Una rosa è una rosa è una rosa?

Storia del placido avatar

Sarà contento lui , ché finalmente ho tolto le decorazioni natalizie…;-)
L’agrifoglio è stato sostituito dal mio avatar, che ha una storia un po’ particolare.

Sembra un rosa, e in effetti lo è.
Ma guardatela attentamente…E’ vista in un modo molto speciale.
Quale?
Raggi X.

Devo ringraziare lo splendido Albert Richards, professore emerito radiologo dell’Università del Michigan, che da anni si diletta a osservare i fiori attraverso le sue macchine.
Ne ha fatto un piccolo Giardino segreto 
Visitatelo un po’: ne vale la pena

L’ho scelta come simbolo di placido riconoscimento, quella rosa, perché la sento affine al mio modo di affrontare la vita: cercare di penetrare cose e persone al di là della mera apparenza.
Si scoprono veri tesori, così. Vabbé, anche qualche babau: ma per fortuna quelli sono in minoranza…;-)

***

E voi, per quale motivo avete scelto il vostro avatar?

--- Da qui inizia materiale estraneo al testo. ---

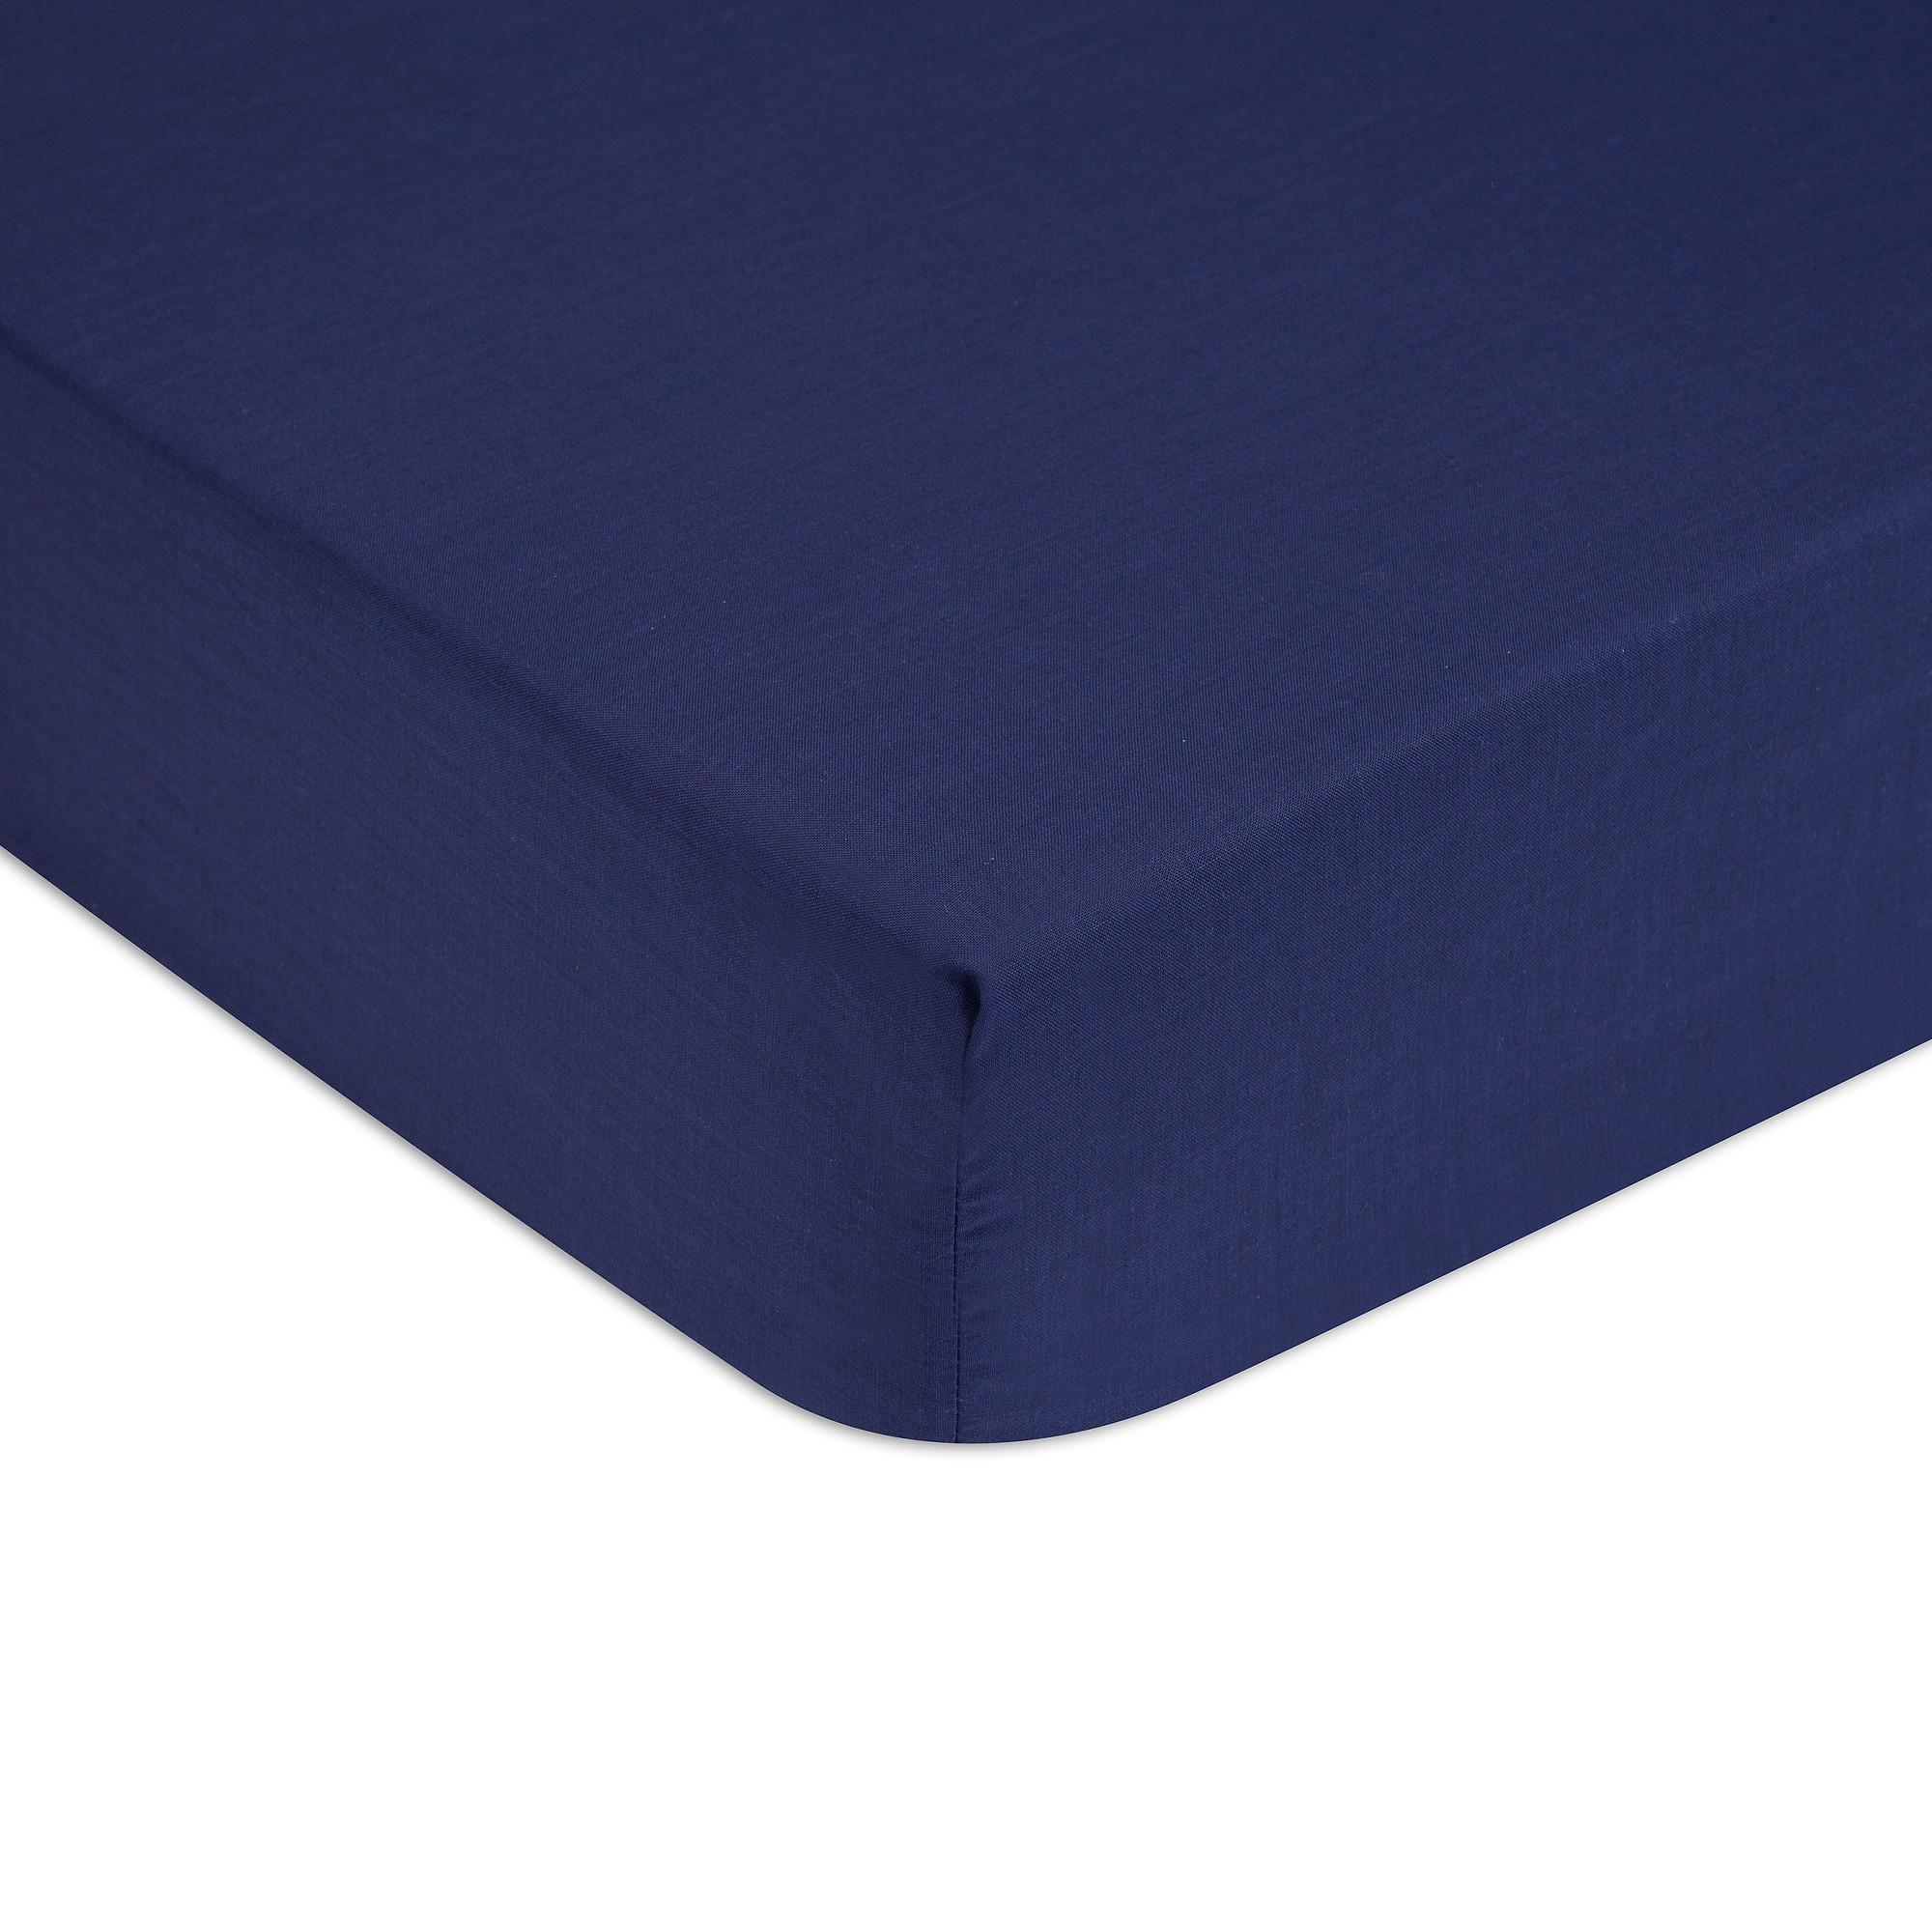 Cearceaf de pat cu elastic Tommy Hilfiger Unis Percale Albastru Navy imagine

Fran: La mia zebretta deriva da… mmm, sono juventina. La zebra mi è stata regalata al mio ventesimo compleanno da un amico. Non so, forse c’è una logica. :D

Sioux: Il mio primo avatar era un quadro rappresentante un indiano a cavallo.Col nick name che avevo scelto andava benissimo. Poi però ho preferito “metterci la faccia” perché non mi andava più di nascondermi.Quello odierno infatti è una mia foto dell’estate scorsa fatta sulla nave al rientro dalla Sardegna.

Maxime: Il mio avatar è ritagliato dalla testata del mio blog, che a sua volta è stata realizzata dal mitico Mauro Biani. Nessun aneddoto particolare quindi. ;)

Bolilla: Beh, perchè così posso concupire le ragazze in rete, poi incontrarle e tagliarle a fettine e cucinarle secondo mercato.

Tengi: Eh, il mio… perchè… è il supereroe de “GliIncredibili” ritratto nel momento in cui cercava di avere una vita “regolare”, con un lavoro in banca… diciamo che io ogni tanto mi sento così… è anche uno stimolo per carcare di risvegliare il super eroe che c’è in me, come in ciascuno di noi!!!

Giorgia: Perché l’occhio è lo specchio dell’anima…

Marchino: E, il mio avatar è evidente che è una fotografia di me alle elementari, qualche era geologica fa.

Violaciocca: La mia stilizzata e disinvolta signorina glam è ciò che io non sono.Poi mi piacevano i colori.

Ciocci: Io non ho un avatar.. proprio perchè non sono riuscito a trovare un’immagine, anche mia, che mi piacesse, Infatti, c’ho scritto anche un post sulla ricerca dell’avatar perduto.

Baltasar: Il mio avatar è l’immagine di un uomo di cui ho letto la storia e le gesta, di cui ho visitato il mausoleo, di cui ho ascoltato decine di canzoni a lui dedicate, di cui ho visitato una delle terre per cui ha combattuto. Di cui condivido in pieno gli ideali. Si chiama Ernesto, Che per chi gli è stato vicino.

ZiaPaperina: Non ho mai voluto l’avatar, in fondo mi piace quel punto interrogativo……(balle, la realtà è che non lo so mettere ;o))))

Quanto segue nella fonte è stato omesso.